Proving the Binomial theorem

Question

I am trying to work through the proof I understand it until on this website http://www.mcs.sdsmt.edu/ecorwin/cs251/bin_thm/bin_thm.html :

Pascal's identity does not apply for $k = 0$ or for $k = n$. In our sum, this means we need to split out the $j = 0$ and $j = k + 1$ terms before applying Pascal's identity.

Why does k=o and k=n correspond to $j=0$ and $j=k+1$?

Now we have the problem of matching the two sums from the left side with the two from the right side. First, notice that the out front on the right side can be thought of as the $j = 0$ term in the first sum. Next, the y $k+1$ out front on the right side can be thought of as the $j = k + 1$ term in the second sum.

Why can you think of these terms equaling $j=0$ in the first sum, why not for the second sum? And the same for $j=k+1$?

Answer 1

There are several proofs on the wikipedia page on the binomial theorem.

Later addition: Regarding the proof you cited, Pascal's identity also holds for those endpoints $k=0$ and $k=n$ (all you have to do is define the binomial to be $0$ when $k>n$ or $k<0$).

Answer 2

Pascals Identity is: $\dbinom {k+1} j = \dbinom k{j-1}+\dbinom k j$

Now, if it applied at $j=0$ or $j=k+1$ we would need an evaluation for: $$\dbinom{k}{-1}=\dbinom k{k+1}=\dfrac{k!}{(-1)!~(k+1)!}$$

Okay, by convention this is usually taken as zero.   But by definition it includes a factor of the factorial of minus one, which is indefinite.   So they just... sidestepped the issue and explicitly evaluated the end terms, since those are uncontroversial.

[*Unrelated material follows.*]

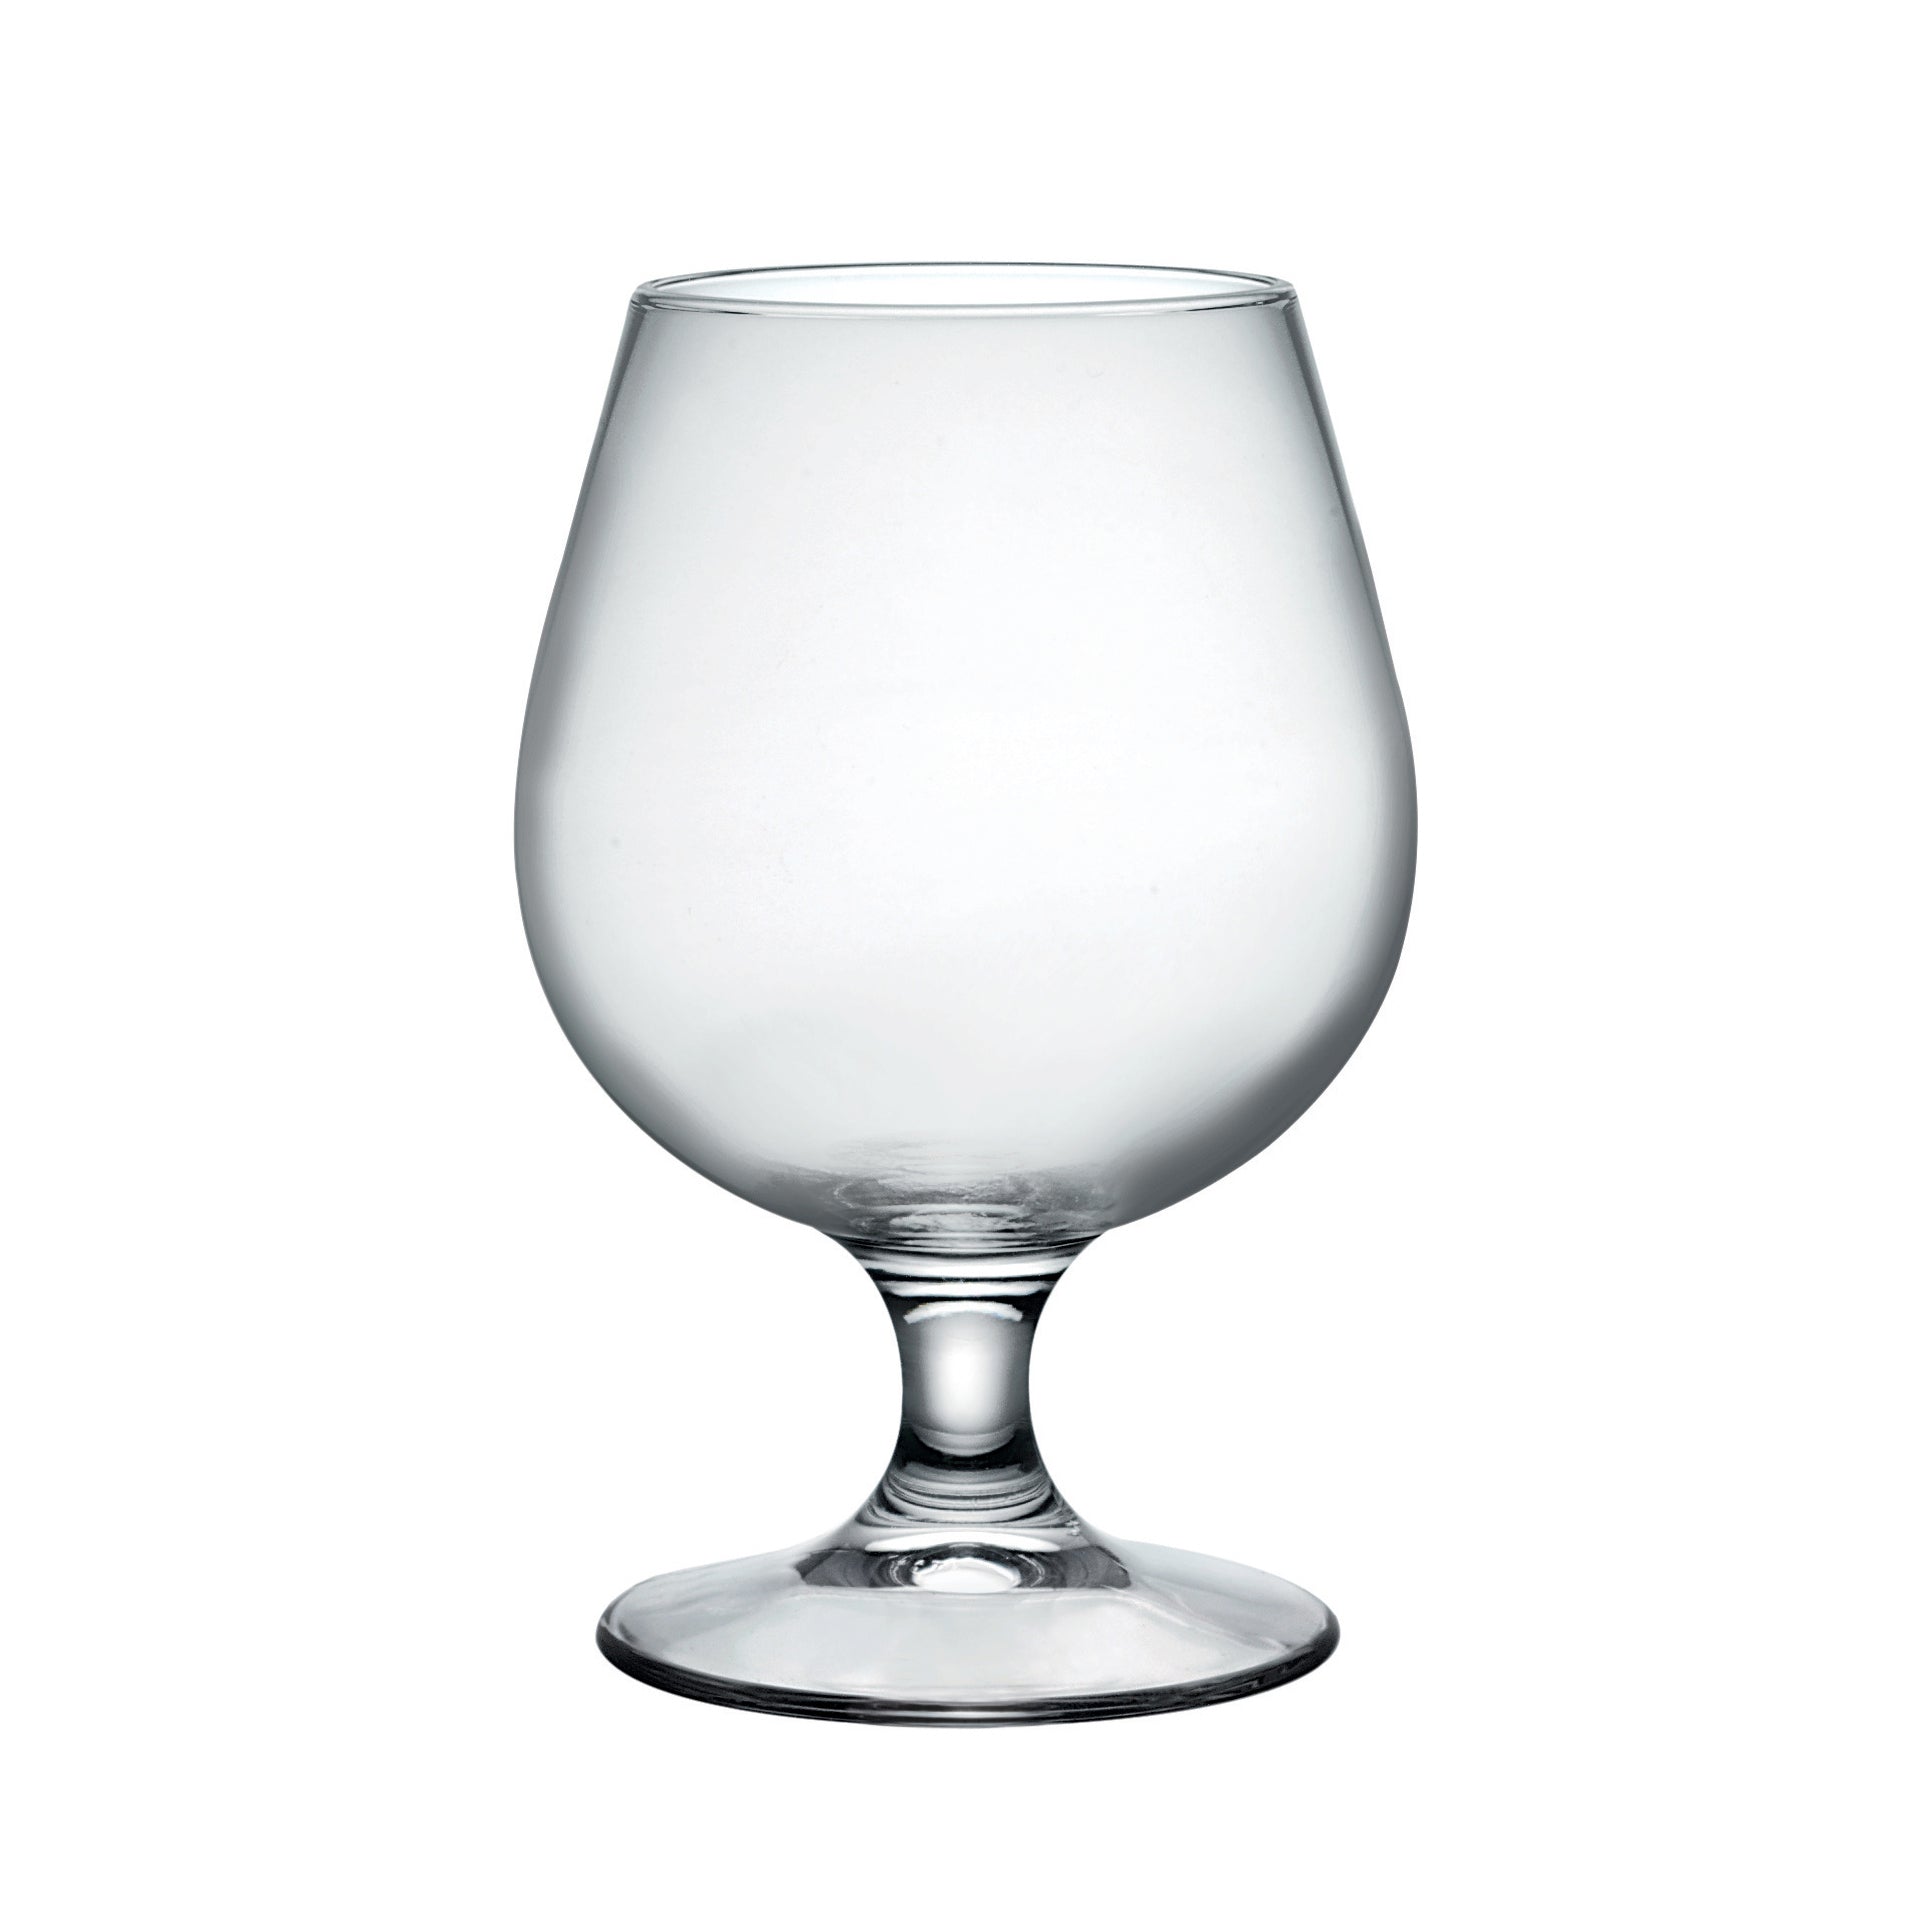 Crystal Cognac and Brandy Glasses, Set of 6 0429
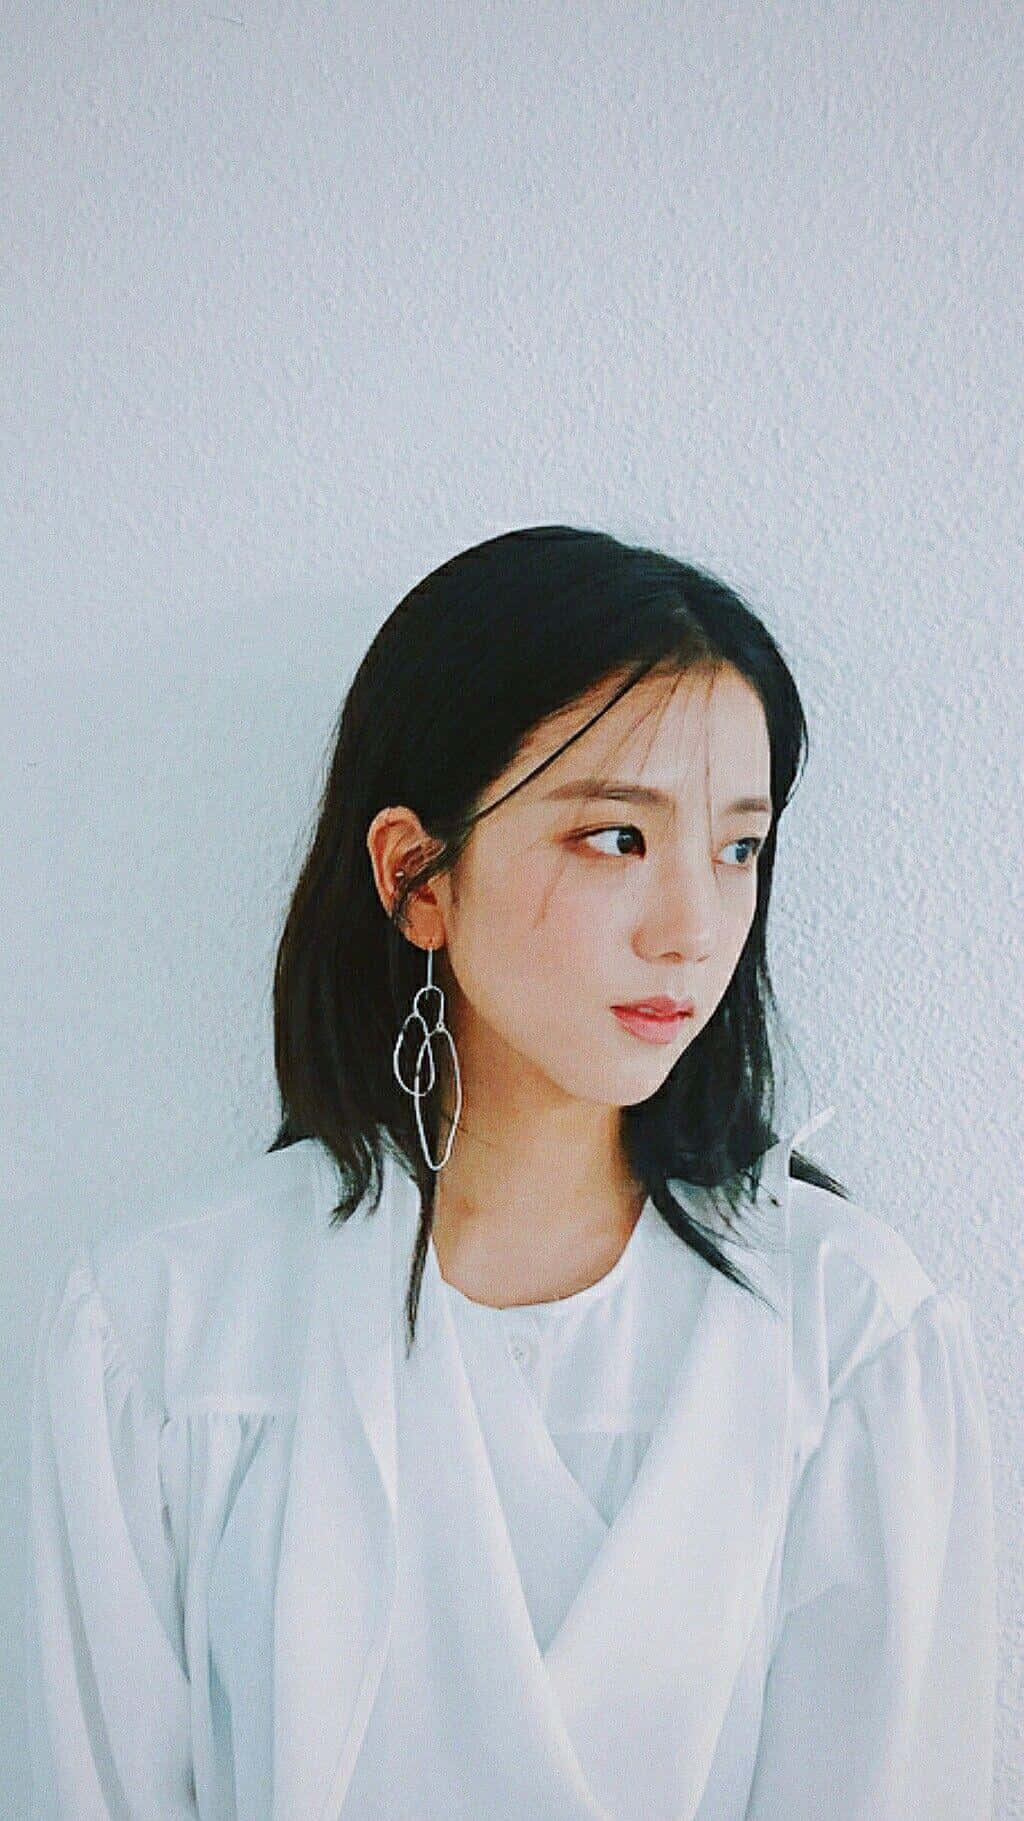 Jisoo Blackpink Charming White Outfit Background

$$\begin{align}\sum_{j=0}^{k+1} \binom{k+1}{j} x^{k+1-j}y^j ~ & = ~ \binom{k+1}0 x^{k+1}+\binom{k+1}{k+1} y^{k+1}+\sum_{j=1}^k \binom {k+1}j x^{k+1-j}y^j \\ & = ~ x^{k+1}+y^{k+1}+\sum_{j=1}^k\left[\binom{k}{j-1}+\binom{k}{j}\right]x^{k+1-j}y^j \\ & \quad\vdots\quad \text{et cetera} \end{align}$$